Roshan Ranasinghe:
Guys, Any idea how to take a ETCD backup and then restore it sitting in a external node (not in Master) ?
Ravan Nannapaneni:
This URL has the way to take a snapshot
Ravan Nannapaneni:
For restoring, you need to check where the ETCD is running from and replace the data-dir with the new path where you restored the snapshot to.
Roshan Ranasinghe:
@Ravan Nannapaneni No …I am asking how to do " it sitting in a external node (not in Master)"… Otherwise I know how to take back and restore
Ravan Nannapaneni:
For backup, it doesnt matter, we are connecting to IP address and taking a snapshot. Its the same command.
Ravan Nannapaneni:
To restore, I am not sure, I guess we have to be on the node.
Amit Sharma:
One of the approaches can be to - Perform backup and restore on the base node. -
Copy the data-dir from base node to master and make changes to etcd.yaml in master node to update data-dir and token. -provide the master node IP with the etcd port in --endpoints
Hinodeya:
For external etcd, the process need more deeper operation normally it run as a deamon so you need to stop the daemon systemctl stop etcd
Hinodeya:
check if the processus currently running ps aux | grep etcd
Hinodeya:
delete the directory into /var/lib/etcd if you need to test the restoration process
Hinodeya:
Check cluster name :
ETCDCTL_API=3 etcdctl get cluster.name \
--endpoints=<https://127.0.0.1:2379> \
--cacert=/etc/kubernetes/pki/etcd/ca.crt
--cert=/etc/kubernetes/pki/etcd/server.crt
--key=/etc/kubernetes/pki/etcd/server.key
Mayur Sharma:
@Roshan Ranasinghe Not sure of the whole process, but I think we can reuse the same data directory.

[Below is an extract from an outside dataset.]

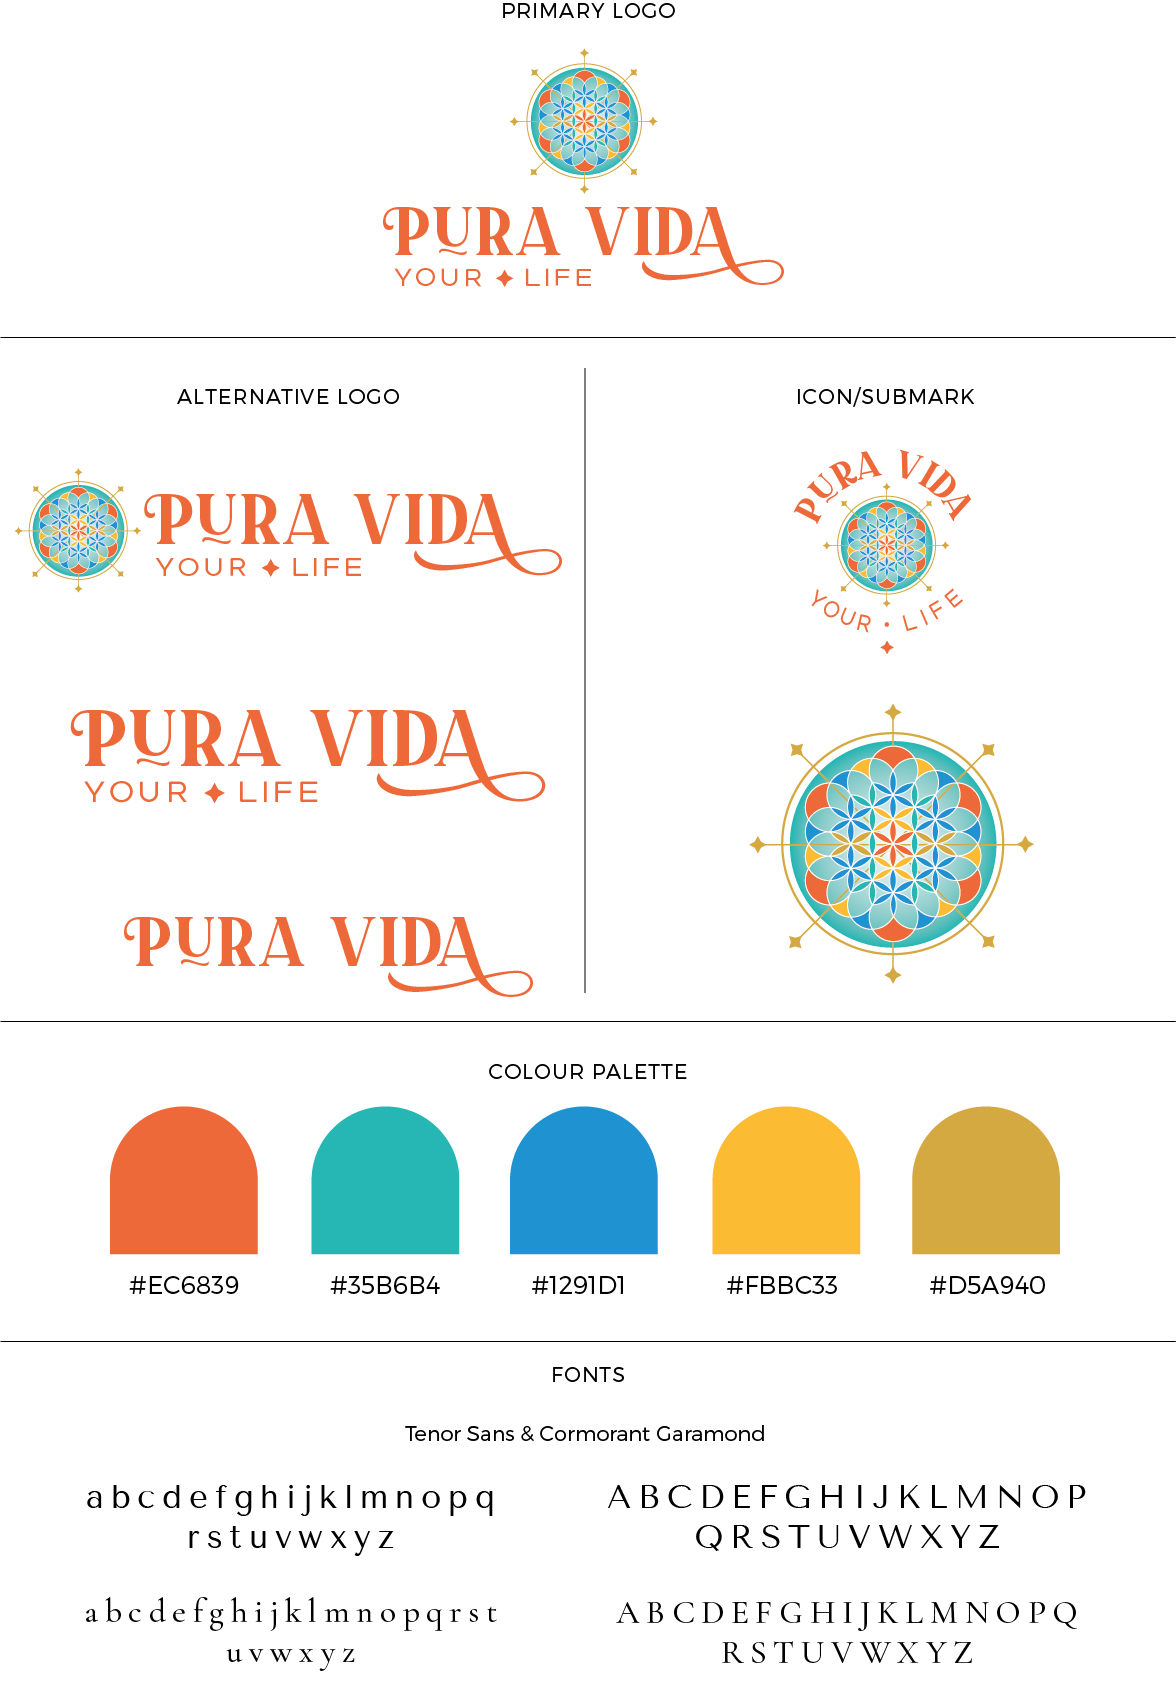 Pura Vida Your Life Brand Board

If ETCD is running in different box, we can take backup from any node using below commands,
ETCDCTL_API=3 etcdctl \
--endpoints=https://<IP-ETCD>:2379 \
--cacert=/etc/kubernetes/pki/etcd/ca.crt
--cert=/etc/kubernetes/pki/etcd/server.crt
--key=/etc/kubernetes/pki/etcd/server.key
snapshot save <location-to-local-folder>
For restore,
ETCDCTL_API=3 etcdctl \
--endpoints=https://<IP-ETCD>:2379 \
--cacert=/etc/kubernetes/pki/etcd/ca.crt
--cert=/etc/kubernetes/pki/etcd/server.crt
--key=/etc/kubernetes/pki/etcd/server.key
snapshot restore <location-to-same-local-folder>
Here we have not used the data-directory parameter, so it would use same data-directory with our backup.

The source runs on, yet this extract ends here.